For Platform Engineering teams to be effective, do not strongly couple them with the other engineering groups. Even though these are centralized engineering teams, they should operate in a decentralized manner. Platform Engineering teams should follow the mantra of Loosely coupled but strongly aligned with the other engineering teams. To achieve this, view Platform Engineering teams as enablers, not as doers.

stone-wall-86660_640

The build engineering team creates tools and resources so that any team in the organization can deploy their builds to production, i.e., the Build engineering team enables you to deploy builds using the tools they create; they do not deploy the build for you.

The performance engineering team creates tools and frameworks for you to identify performance bottlenecks, i.e., the performance engineering team enables you to identify performance bottlenecks using the tools they build; they do not identify performance bottlenecks for you.

The security engineering team creates tools and libraries for you to identify security loopholes, i.e., the security engineering team enables you to identify security holes using the tools they build; they do not identify security loopholes for you.

This is how organizations should mold and communicate the role of Platform Engineering teams. Positioning the Platform Engineering teams as doers instead of enablers makes them the bottleneck for other teams to get their work done.

Other teams rely on Platform Engineering teams for their success. You do not want them second-guessing whether the Platform Engineering teams are doing their job or not. They need to trust the Platform Engineering teams with their critical workloads. Without trust, everything breaks, leading to unnecessary back and forth, sapping the energy of all parties involved.

To build this culture of trust, Platform Engineering teams should focus on observability, performance, and stability.

Lack of observability creates anxiety. If the build engineering team does not give a dashboard where one can see the progress of builds, history of builds, and create alerts on build failure – teams would be anxious about their builds. They would bug the Build Engineering team on this, causing stress all around. Observability is a must for creating a culture of zero stress and anxiety.

Documentation is a subset of observability. Once the Platform Engineering team releases a tool or an API, others should be able to use them without intervention from the Platform Engineering team. To achieve this, Platform Engineering teams should focus on clear and concise documentation.

Since all teams use the tools and APIs of Platform Engineering teams, performance improvements have a multiplicative effect.

The build tool not working, brings the engineering org to a standstill. Login not working negatively affects all parts of the application. Hence, a keen focus on stability is a must. These are the foundations on which other engineering teams build their features.
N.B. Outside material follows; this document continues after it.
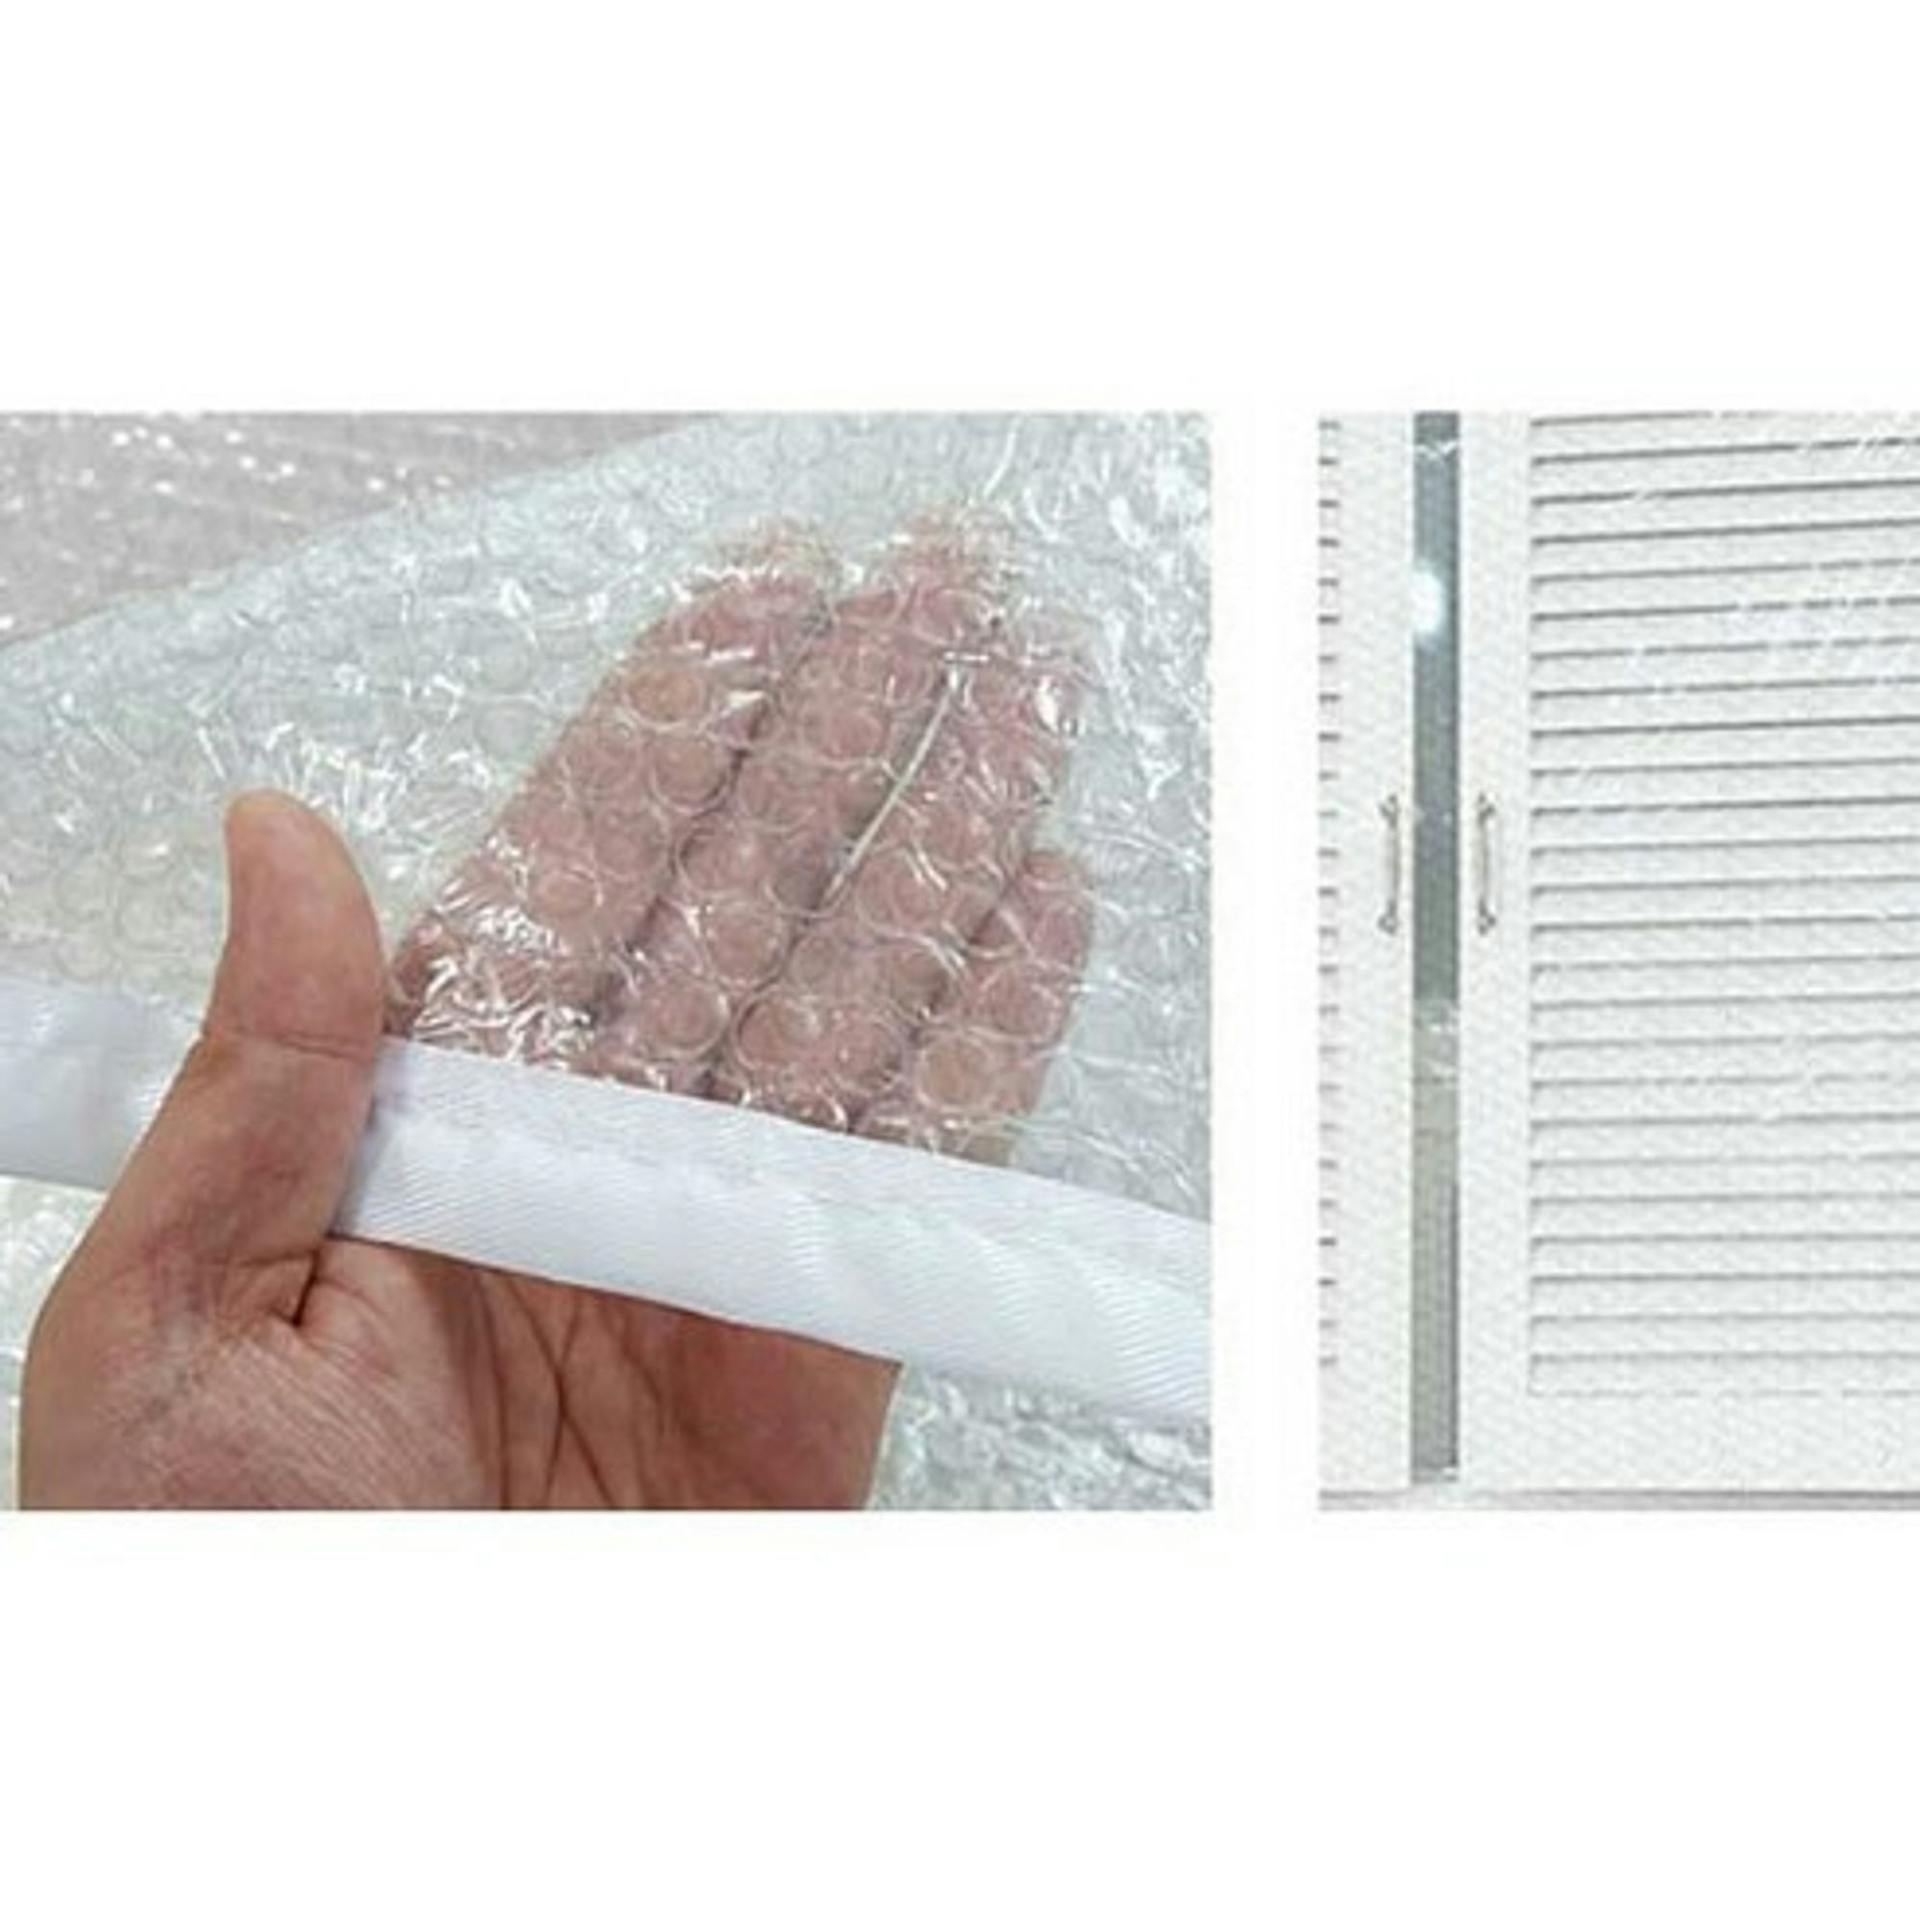 창문 방풍비닐 다샵 창문형 지퍼식 EVA 방풍 바람막이 에어캡 관련상품 및 가격비교
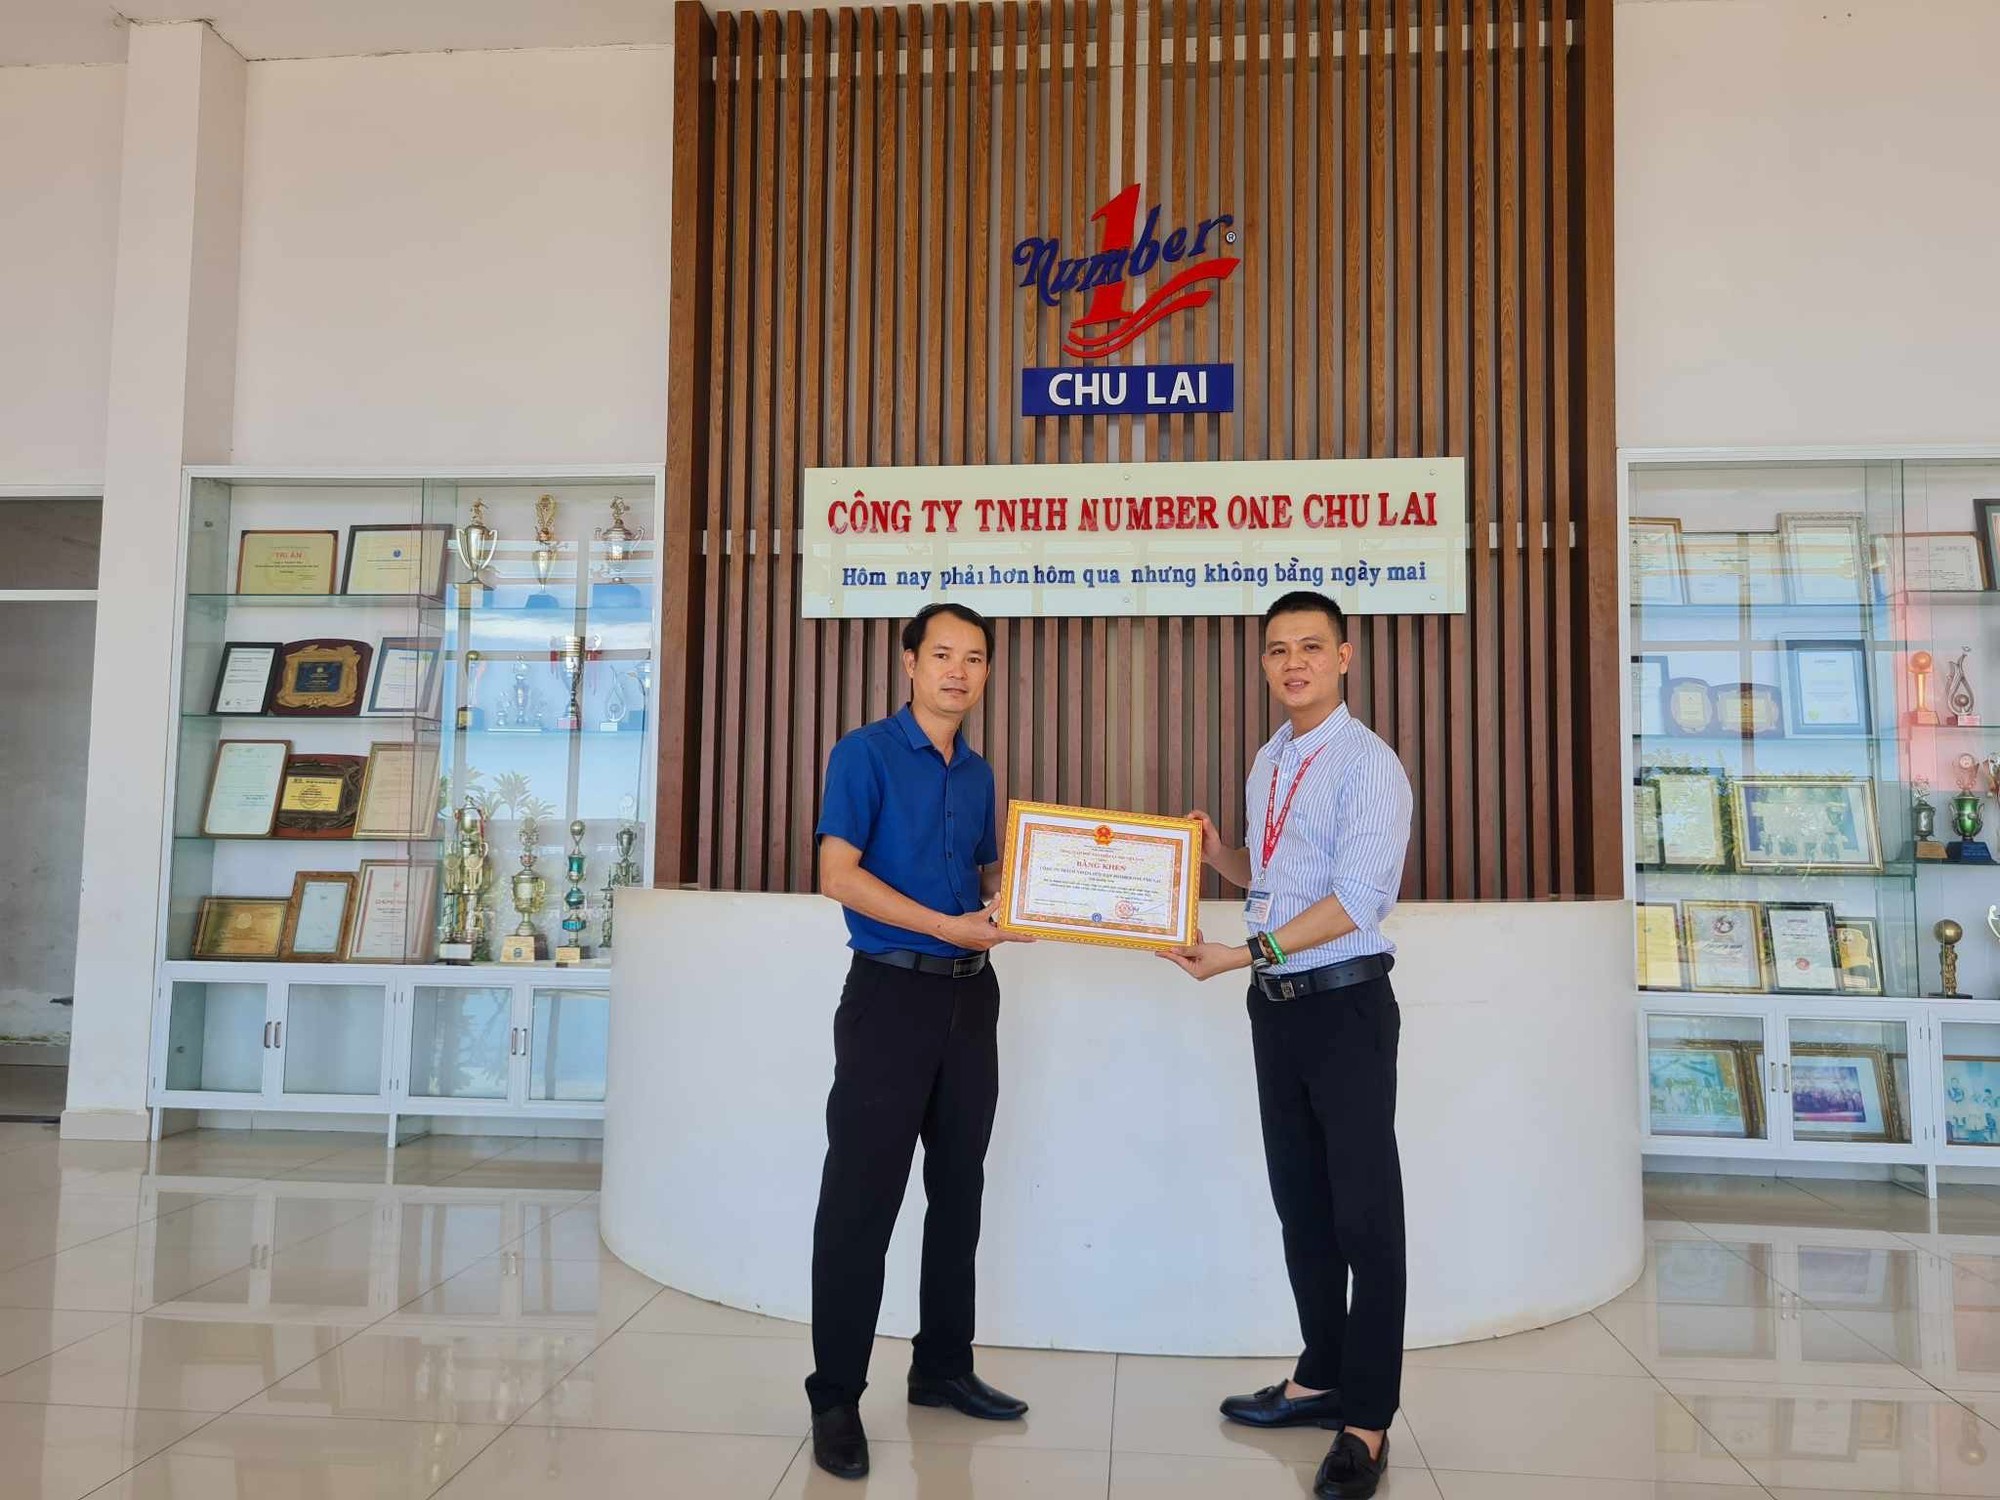 Đảm bảo chính sách quyền lợi người lao động, nhà máy Number One Chu Lai nhận bằng khen từ Bảo hiểm xã hội Việt Nam - Ảnh 2.

Due to the nature of the work of Platform Engineering teams, consulting, guiding, and proliferation of best practices becomes part and parcel of the day to day responsibilities; this is understated, but Platform Engineering teams spend a significant chunk of their time on this. Look for ways to institutionalize these so that the Platform Engineering teams are engaged in their core work and not spending time on this. As discussed earlier, focussing on observability, performance, and stability goes a long way towards this.

Feature prioritization can become a challenge for Platform Engineering teams as everyone comes to them with feature requests. A simple yardstick to use is – If we do not release this functionality, is there a way for the requesting team to go about their work, albeit in a roundabout manner? If the answer is yes, then it is not a burning problem. If not, you need to figure out a way to get the feature out as soon as possible.

Platform Engineering teams should adopt a broad perspective when developing features. Do not develop features for a particular team. Think of how the feature relates to other teams and design it so that everyone in the organization can leverage the feature.

If you want to build a culture of speed and rapid iteration, viewing Platform Engineering teams as enablers and not as doers is critical.

Get articles on coding, software and product development, managing software teams, scaling organisations and enhancing productivity by subscribing to my blog

Image by Susbany from Pixabay

 

Optimists, Pessimists, and Better Coders

Whether one is an optimist or pessimist is dictated by genetics. Wise people say that you can give your genetics a run for the money by making happiness a conscious choice and learn to be deliberately happy.

What does this have to do with coding?

christophe-hautier-902vnYeoWS4-unsplash.jpg

How do you decide whether a code is good or not?
There are many parameters, but a definitive indicator is the number of bugs – lesser the bugs, better the code.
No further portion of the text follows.